I- LES TRAVAILLEURS CONCERNES

L’Allemagne fait partie des pays qui attirent bon nombre de travailleurs étrangers.

Un certain nombre de français exercent leur activité professionnelle en Allemagne, certains en temps que travailleurs frontaliers, d’autres en s’y étant installés, en tant que travailleurs migrants.

Si la protection sociale est réglementée par l’Union Européenne pour ce qui concerne les travailleurs migrants et frontaliers, et notamment par le règlement CE N°883/2004 modifié par le règlement CE N°988/2009 et son règlement d’application CE N°987/2009, le droit du travail applicable est en général le droit du travail du pays d’accueil.

Que le travailleur soit un travailleurs migrant au sens où l’entend la réglementation Européenne ou qu’il soit un travailleur frontalier au sens de cette même réglementation, en droit du travail stricto sensu, c’est à dire sans son volet protection sociale et hormis les cas exceptionnels du type chantier temporaire fait par une entreprise étrangère avec son propre personnel, impossible d’échapper au droit du travail du pays d’accueil.

En l’occurrence que le travailleur traverse la frontière tous les matins ou qu’il s’installe directement en Allemagne pour travailler dans une entreprise sur place, il sera en principe, soumis au droit du travail allemand.

Ce droit, même s’il comporte quelques similitudes avec le droit français, du fait de l’Union Européenne, est dans la pratique très différent de ce que nous connaissons en France.

II- LA REGLEMENTATION APPLICABLE

L’objectif des présentes est de décrire les principes du droit du travail allemand, tel qu’il s’applique au de travail du salarié, tant du point de vue de sa conclusions que de la durée du travail en elle-même.

Il n’existe pas en Allemagne de code du travail tel qu’il est connu en France. Les textes sont épars et bien que la question revienne régulièrement à l’ordre du jour, la codification n’ a jamais eu lieu.

Le droit du travail est issu de nombreuses lois qui mises bout à bout sont considérées comme les « Arbeitsgesetze » ( lois régissant la relation de travail).

De plus, les textes concernant le droit du travail ne sont pas forcement tous des textes pris au niveau Fédéral.
La loi concernant les congés est par contre une loi fédérale : il s’agit du « Bundesurlaubsgesetz » (loi Fédérale sur les congés)

Les jours fériés eux, dépendent des Länder concernés et varient d’un Land à l’autre souvent pour des raisons historico-religieuses.

Les délais des préavis eux, sont directement intégrés dans le Bürgerlichen Gestezbuch (BGB) qui est le code civil allemand.

III- LE CONTRAT DE TRAVAIL

1) Le contrat de travail à durée indéterminé.

Tout comme le droit du travail français, le droit du travail allemand connaît le contrat de travail à durée indéterminée.

Comme en France, la conclusion du contrat peut parfaitement être verbale.

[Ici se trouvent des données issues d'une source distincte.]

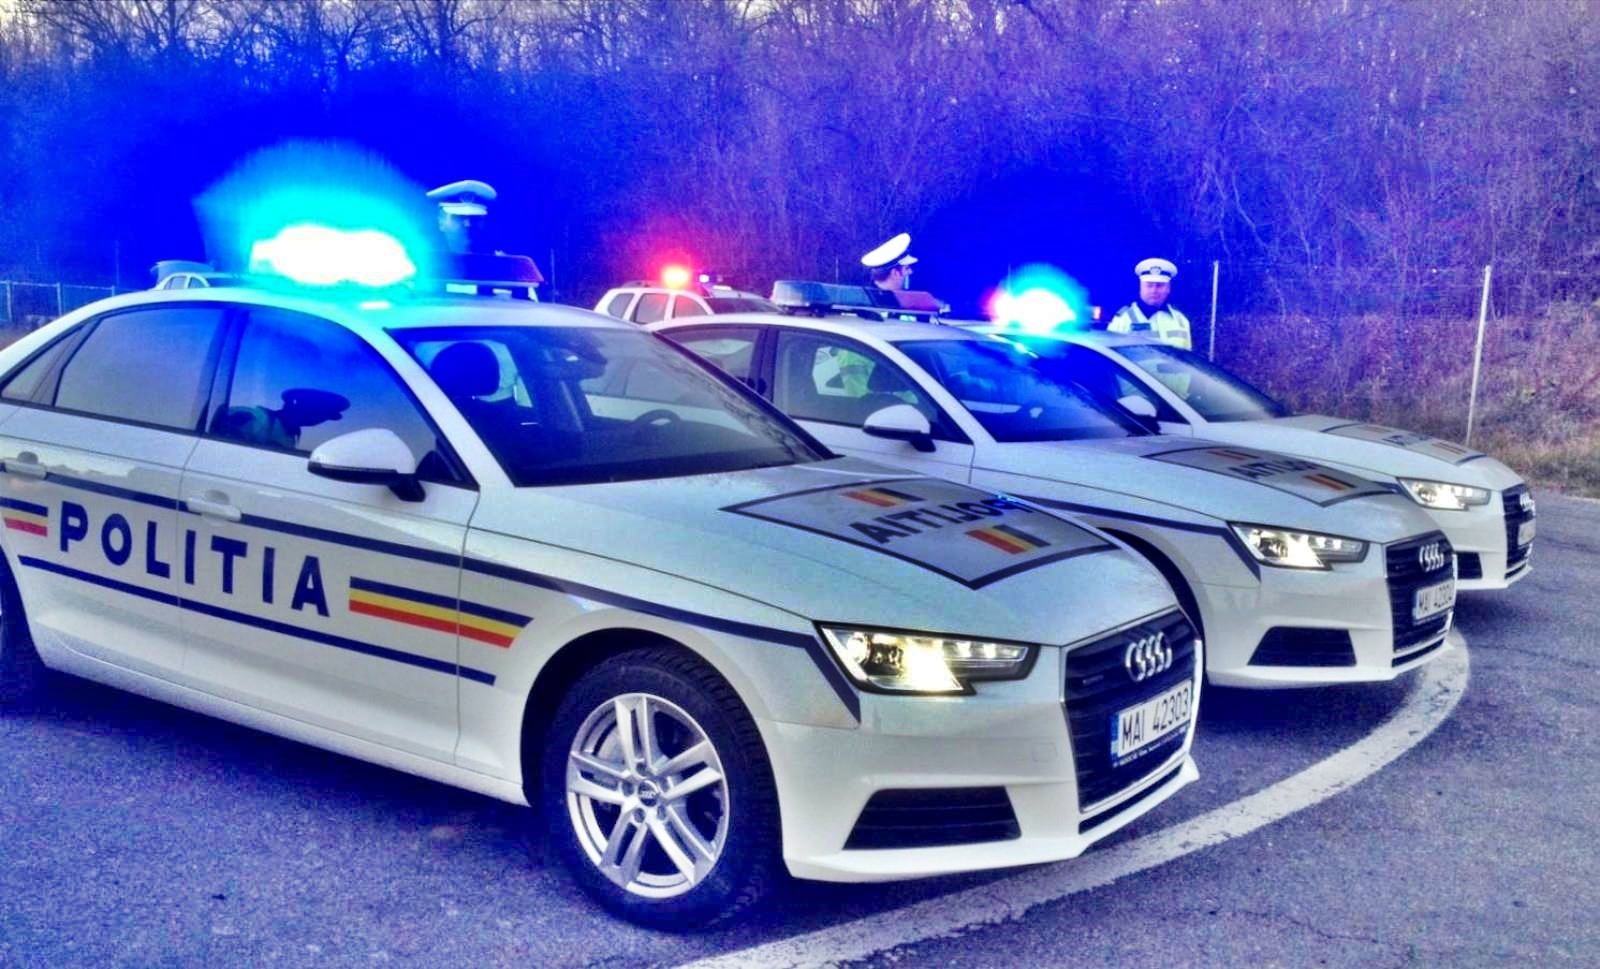 Politia Romana atentionare soferi prudenta
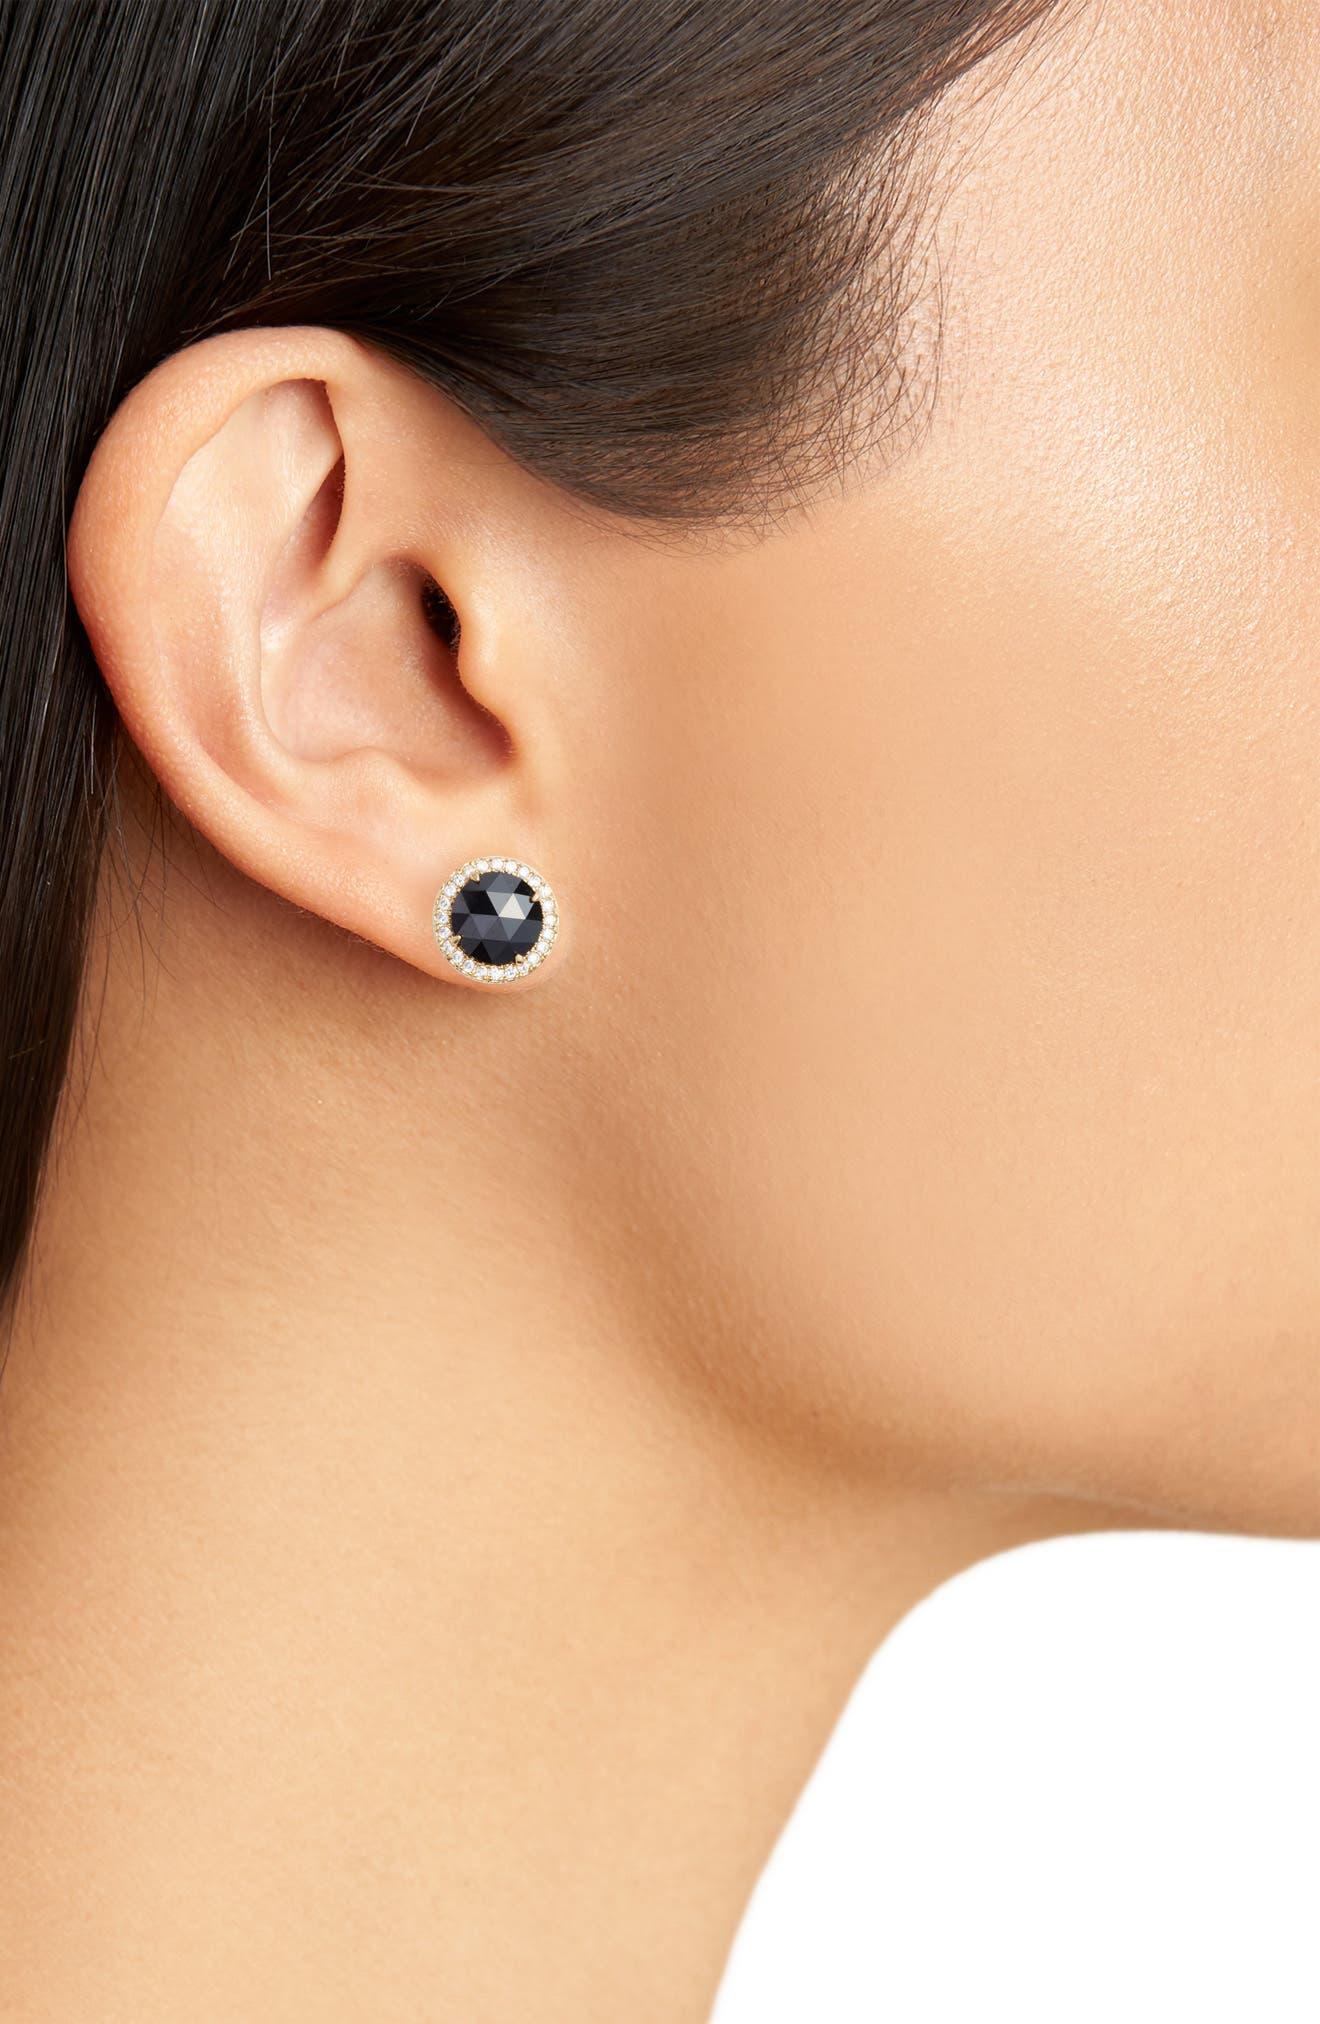 KATE SPADE NEW YORK, bright ideas pavé halo stud earrings, Alternate thumbnail 2, color, JET

Néanmoins, après cette embauche par oral, l’employeur dispose de 4 semaines, en vertu du Nachweisgesetz ( loi sur les éléments de preuve) pour fixer les éléments minimums que doit comporter un tel contrat.

En effet, le Nachweisgesetz oblige l’employeur à mettre en place un document, une sorte de lettre d’embauche, qui pour être valable n’exige que la signature de l’employeur et qui doit comporter au minimum les éléments suivants :

- Les coordonnées complètes des parties contractantes

- La date d’effet du contrat de travail

- Le lieu de travail ainsi que les différents autres lieux, en dehors du lieu de travail habituel, dans lesquels le salarié peut être amené à exercer son activité professionnelle

- Une description au moins sommaire, des fonctions et attributions du salarié

- La composition détaillée du salaire, des accessoires du salaire, des primes gratifications et autres éléments pouvant être versés au salarié avec leur périodicité et leur échéance

- La durée des congés annuels

- Les divers préavis en cas de résiliation, de part ou d’autre, du contrat de travail

- Les indications générales concernant les Conventions Collectives, les accords d’entreprise ou autres textes conventionnels s’appliquant à la relation de travail

2) Le contrat de travail à durée déterminée

Le contrat de travail à durée déterminée en bien plus fréquent en France qu’en Allemagne.

Comme en France il doit impérativement faire l’objet d’un écrit.

Les contrats de travail à durée déterminée sont régit par la TzBfG « TeilZeitundBefristetearbeitsGesetz » ( loi sur le travail à temps partiel et à durée déterminée) du 1er janvier 2001.

Le contrat à durée déterminée se divise en deux catégories.

La première concerne le contrat de travail à durée déterminée avec un objectif légitime. Ce contrat peut durer de nombreuses années à condition que l’employeur justifie d’une cause ou d’un objectif légitime.
Il s’agit en pratique d’une mission qui est confiée à un salarié et qui peut durer de longues années, ce qui relèverait de l’impossible en France.
Ce contrat est pourtant très courant en Allemagne. Le salarié est soumis au droit du travail comme les autres salariés mais son contrat comporte une « frist » ( un délai) qui doit être objectivement motivée, ce qui permet aux parties contractantes d’être libres dans la fixation dudit délai.
Les motifs sont bien moins encadrés qu’en France ; il est par exemple tout à fait possible en Allemagne de conclure un contrat à durée déterminée pour un travail à l’essai.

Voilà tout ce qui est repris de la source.